Backup + disaster recovery

The two questions that should have answers before a release goes live:

  • Are my backups working? Backup verification documents the weekly-restore-into-ephemeral-cluster job, the Prometheus alert it fires when stale, and the admin UI card that surfaces the last-good-restore.
  • What do I do when the cluster is gone? Disaster recovery is the runbook. Three scenarios — DB loss, S3 loss, total loss — with copy-pasteable commands.

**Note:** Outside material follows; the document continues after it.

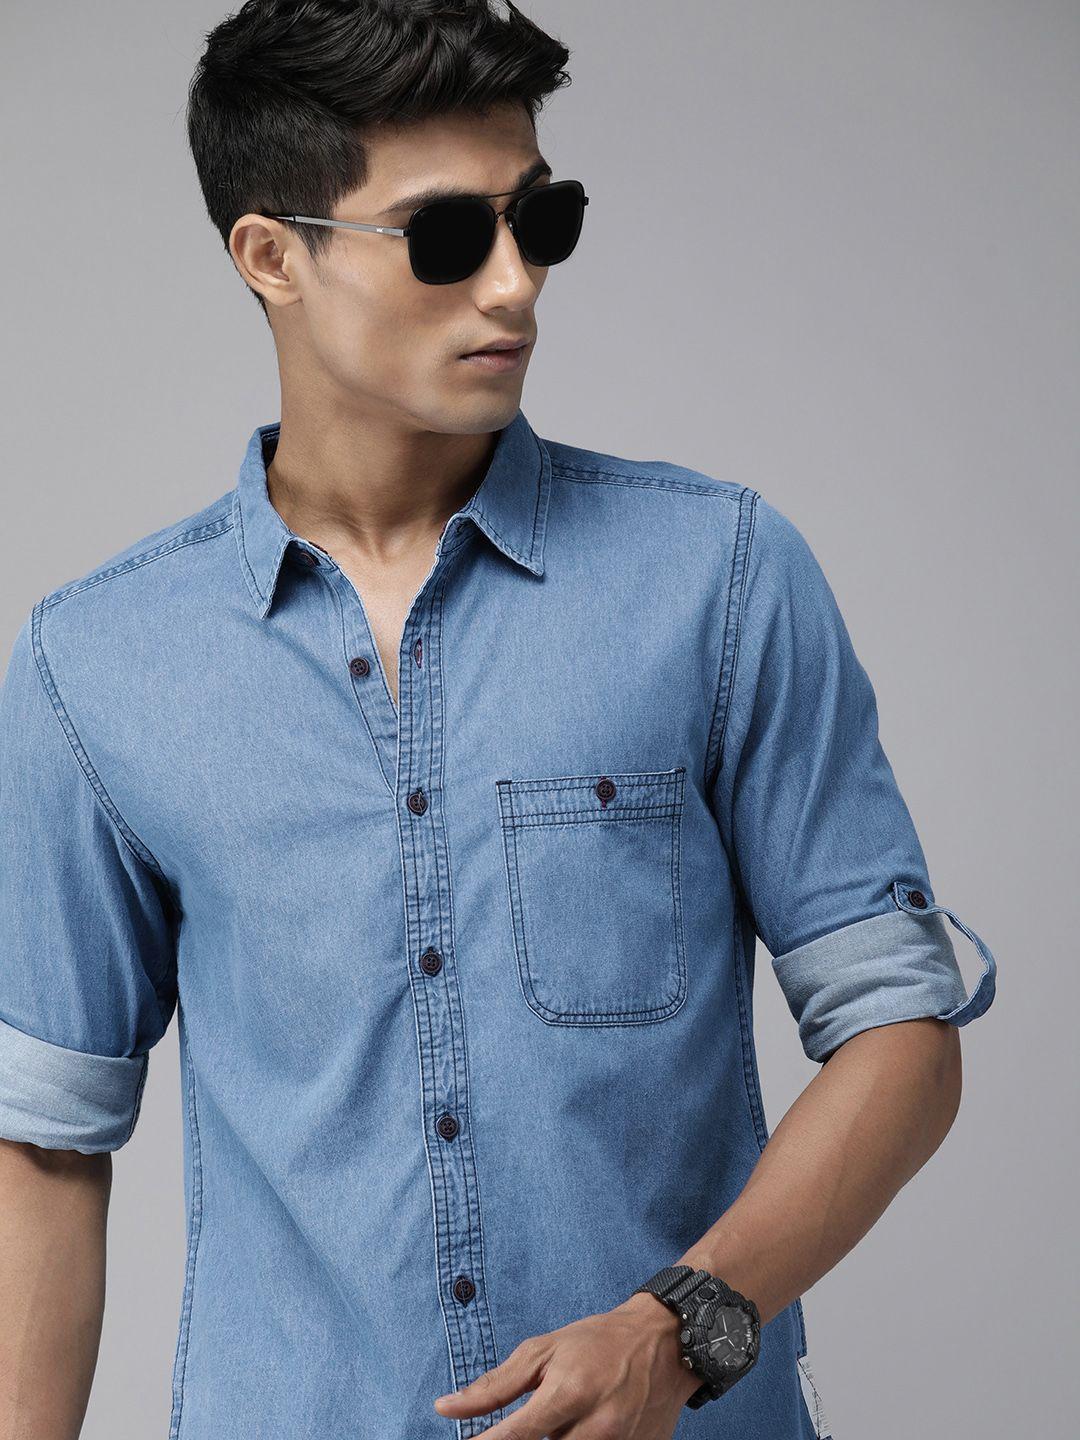 the-roadster-lifestyle-co-men-blue-solid-cotton-denim-shirt

Postgres on CloudNativePG is the recommended production-shape Postgres: HA replicas, PITR, Barman-managed S3 backups. The chart also documents migrating from a stand-alone Postgres install.

Observability

Observability covers metrics, logs, and traces:

  • Prometheus metrics over /metrics (every chi handler is wrapped)
  • ServiceMonitor CRD shipped in the chart
  • JSON-structured logs to stdout (Loki + Promtail-friendly)
  • Optional OpenTelemetry traces via OTLP/HTTP (off by default)

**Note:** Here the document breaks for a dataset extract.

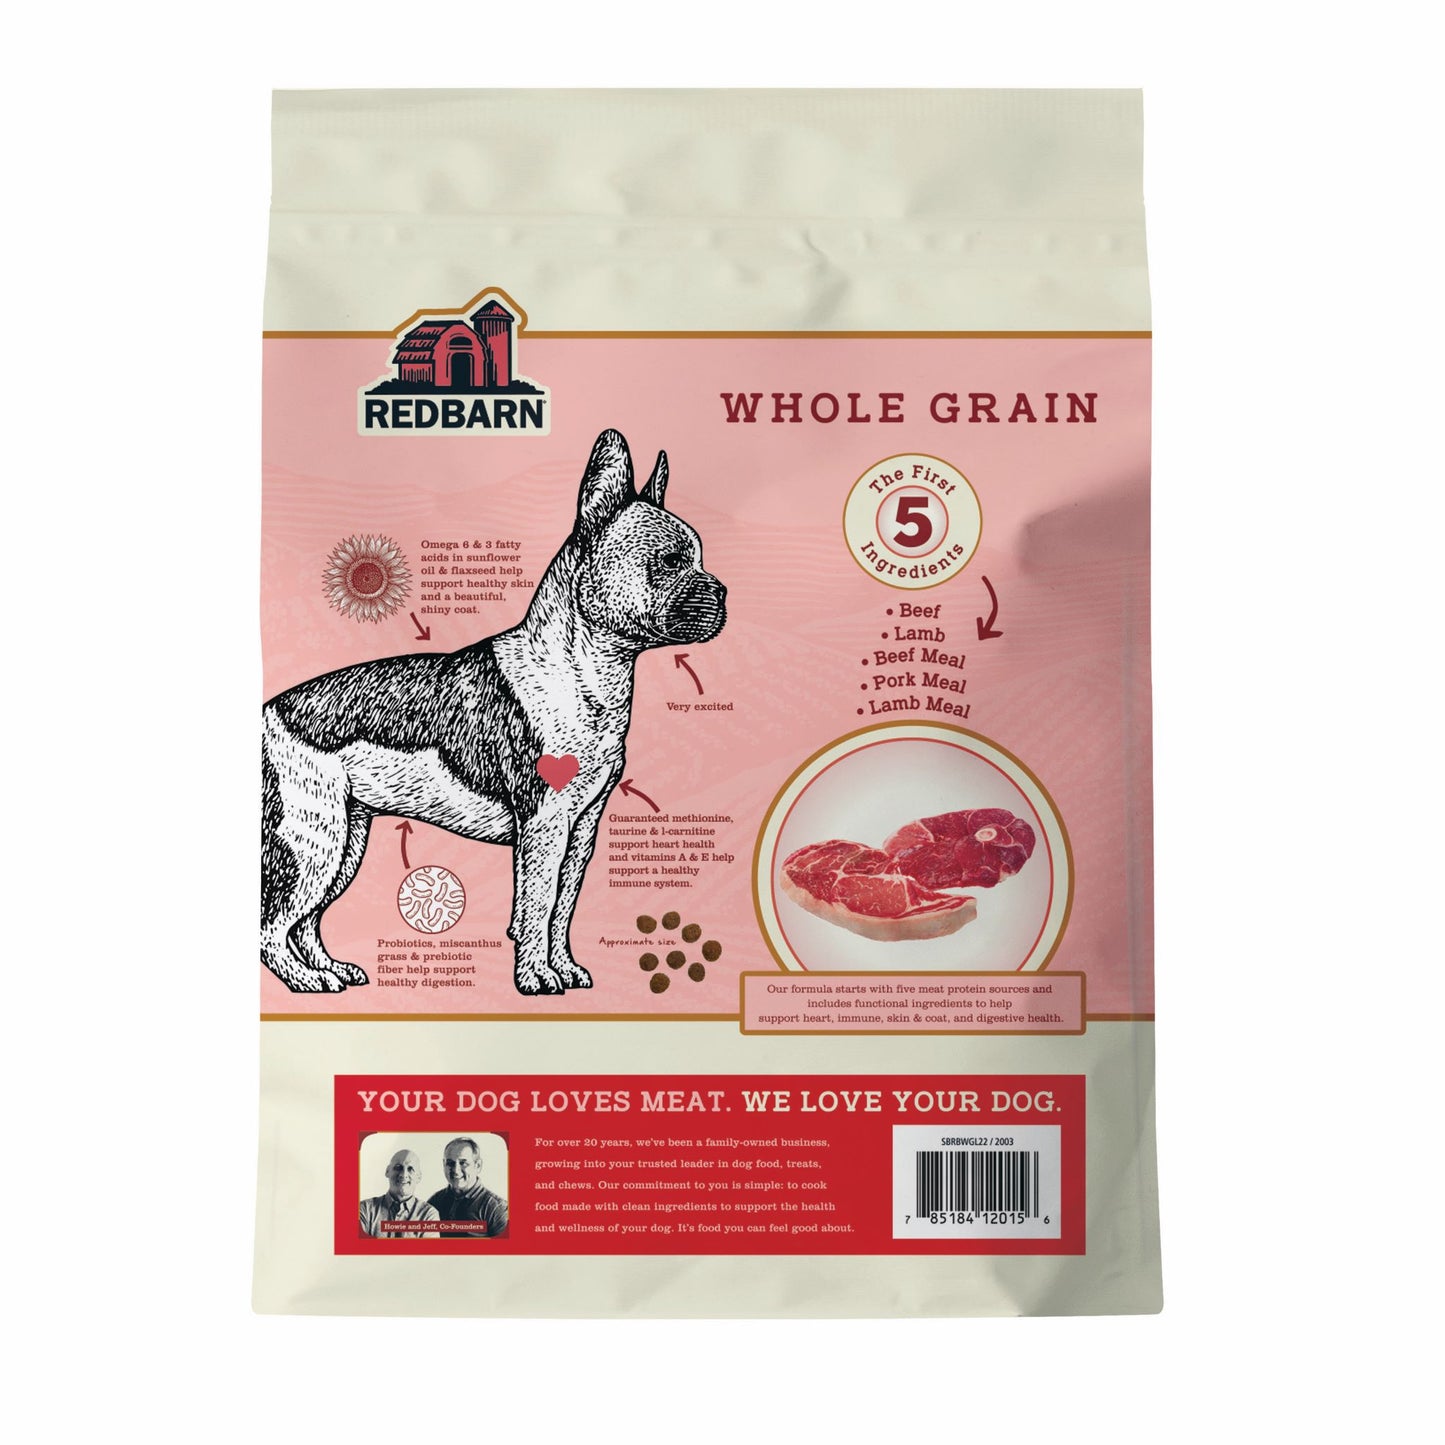 Redbarn Whole Grains Land Recipe, Dry Dog food

Monitoring is the metrics deep-dive: the full metric catalogue, the Grafana import recipe for the bundled overview + deep-dive dashboards, three Alertmanager routing examples (PagerDuty / Slack / email-only) for the bundled alert + recording rules, sample PromQL for the five most common triage questions, and a section-per-alert runbook.

Versioning policy

Versioning policy covers Calendar Versioning (YYYY.MAJOR.MINOR), the daily update-channel poll, and the 18-month support window per year-major. The Admin Overview page shows the currently-installed version, when it was built, and whether an update is available.

Release pipeline

Release pipeline describes how every CalVer tag becomes three multi-arch container images on ghcr.io, signed with cosign-keyless OIDC and attested with a CycloneDX SBOM. The workflow runs entirely from GitHub Actions identity — no long-lived OrbitalReg key is involved — so a downstream auditor can verify provenance without a vendor handshake.

Demo seeder

Demo seeder (orbital seed) documents the test-user matrix the seeder writes alongside the demo projects, repos, and trust policies. Five gestaffelte access profiles (alice / bob / carol / dave / eve) on the default tier let an operator (or an integration test) walk the per-project RBAC matrix without an auth roundtrip; full-plus adds three richer profiles (token-only CI bot, SAML-asserted maintainer, second org admin) for sales walkthroughs.

Air-gapped mode

Air-gapped operations is the runbook for installs that can't reach the public internet:

  • Egress is blocked by default on fresh installs
  • Each integration (webhooks, OSV, Sigstore Rekor, telemetry, OTel) has its own opt-in toggle under Admin → System → Egress allowlist
  • Documentation, the chart, and container images all ship as air-gap-friendly bundles

Day-2 checklist

A short list of "things that should be enabled before you go-live":

ItemDoc
Postgres backups verified end-to-endBackup verification
At least one tested DR drill in the last 90 daysDisaster recovery
ServiceMonitor scraping the APIObservability
Alert rules with runbook linksObservability
TLS via cert-manager, with a Renewal monitor(operator's existing dashboard)
Air-gapped egress allowlist matches your security postureAir-gapped operations
At least one project-owner exists per projectCore concepts
Retention policies on long-tail reposCore concepts
Sigstore trust policies pinned for prod-deploy reposCore concepts

Released under the Apache-2.0 License.